BUNKER HILL, Ind. – A 76-year-old man has been stabbed to death while leading Boy Scouts on a hiking trip in northern Indiana, and a suspect who battered his mother and killed a dog at their home nearby is under arrest, police said.
The assistant scout leader, Arthur L. Anderson, had stopped to identify a tree on the Nickel Plate Trail in Bunker Hill Sunday afternoon when an attacker approached him from behind and stabbed him in the neck, Indiana State Police said in a statement. Witnesses told police the attack was unprovoked.
Anderson, of Kokomo, Ind., "was doing probably the most innocent thing he could do, leading a group of Boy Scouts," Indiana State Police Sgt.
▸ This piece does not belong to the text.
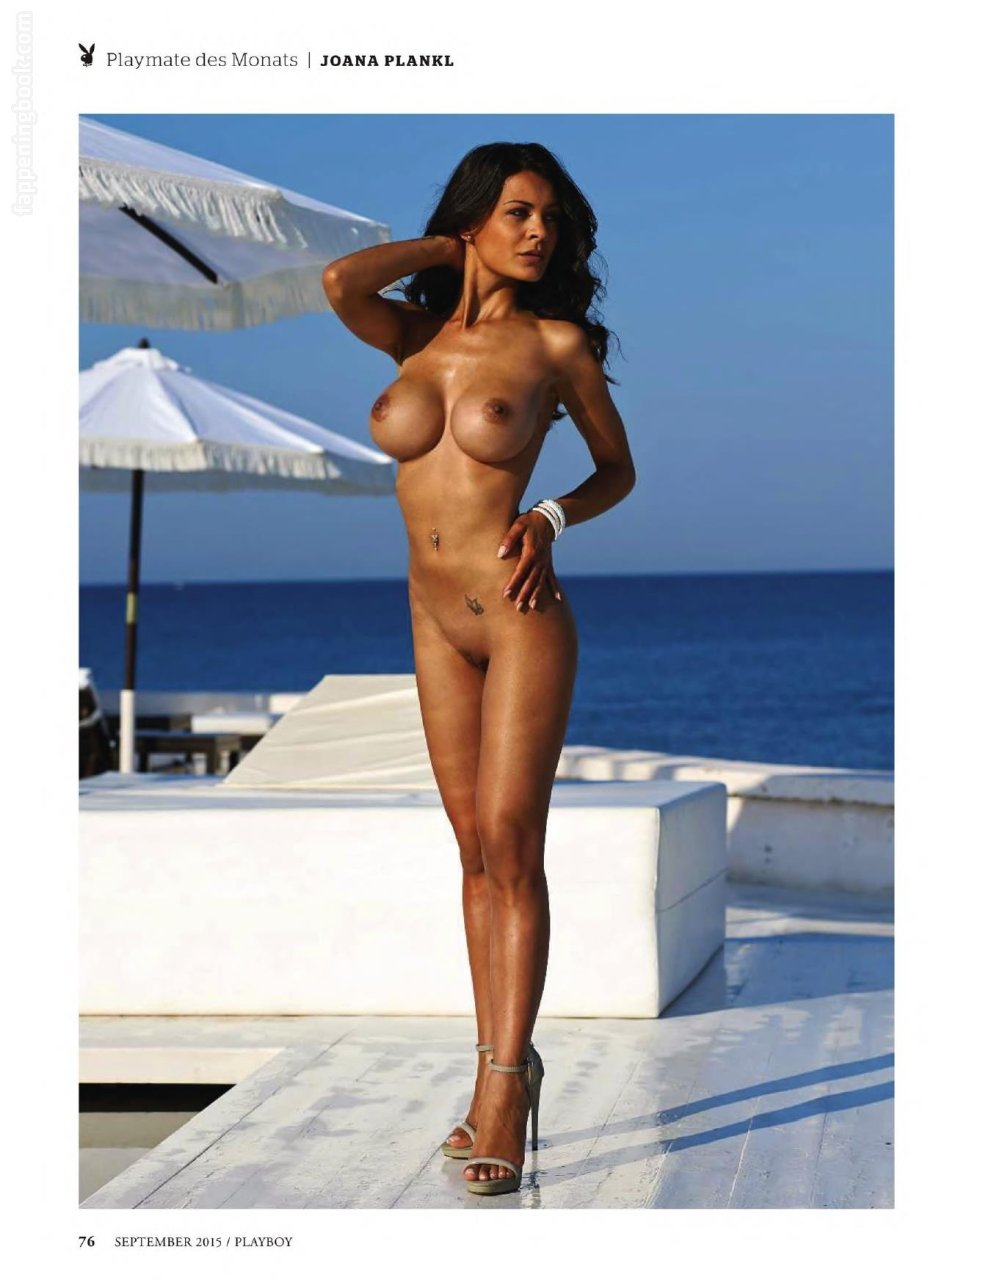 Joana plankl playboy nackt

Tony Slocum said. "He was in the wrong place at the wrong time."
Officers later arrested Shane C. Golitko, 22, of Bunker Hill, after he ignored a state trooper's attempted traffic stop and led police on an eight-mile chase, the Indiana State Police said in a statement.
Police are holding Golitko without bond on a murder charge and two felony counts of battery at the Miami County Jail. He is due in Miami Circuit Court on Thursday morning.
Slocum said another adult on the hike shielded the two boys, aged 11 and 12, from the horror of the attack, then called 911. Anderson died at the scene despite the efforts of a nearby resident who performed first aid and emergency medical personnel who responded to the 911 call.
Police said Anderson had been involved in scouting for 50 years.
"It was a senseless act," Indiana State Police Detective Tony Frawley said of the attack.
A minute before the 911 call alerting authorities that Anderson had been stabbed, Golitko's mother Valerie Henson, called 911 to report that her son had assaulted her in a dispute at their home, about 150 yards south of the trail, state police said.
Henson told police that after she fled to a neighbor's house, her son walked to the trail where Anderson was later stabbed. She said her son later returned home, smashed up some of their belongings and stabbed the family's two dogs, a boxer and a pit bull. The boxer died.
Henson was treated for a broken arm. Slocum did not say what sparked the attack, nor what prompted the altercation between Henson and Golitko.
Miami County Prosecutor Bruce Embrey said Golitko had been arrested once before for possession of marijuana and went through a diversion program in which the charge was reduced to a misdemeanor.. Slocum said there was no indication that drugs or alcohol were involved in Sunday's attack.
Nick Losekamp, a district executive for the Boy Scouts' Sagamore Council in Kokomo, said Anderson was the assistant scoutmaster for the troop at the Redeemer Lutheran Church.
Losekamp said he was a great leader, very much involved in mentoring the boys, training them to lead by example and motivate others.
"He was a nice guy," Losekamp said. "He was pretty much always there."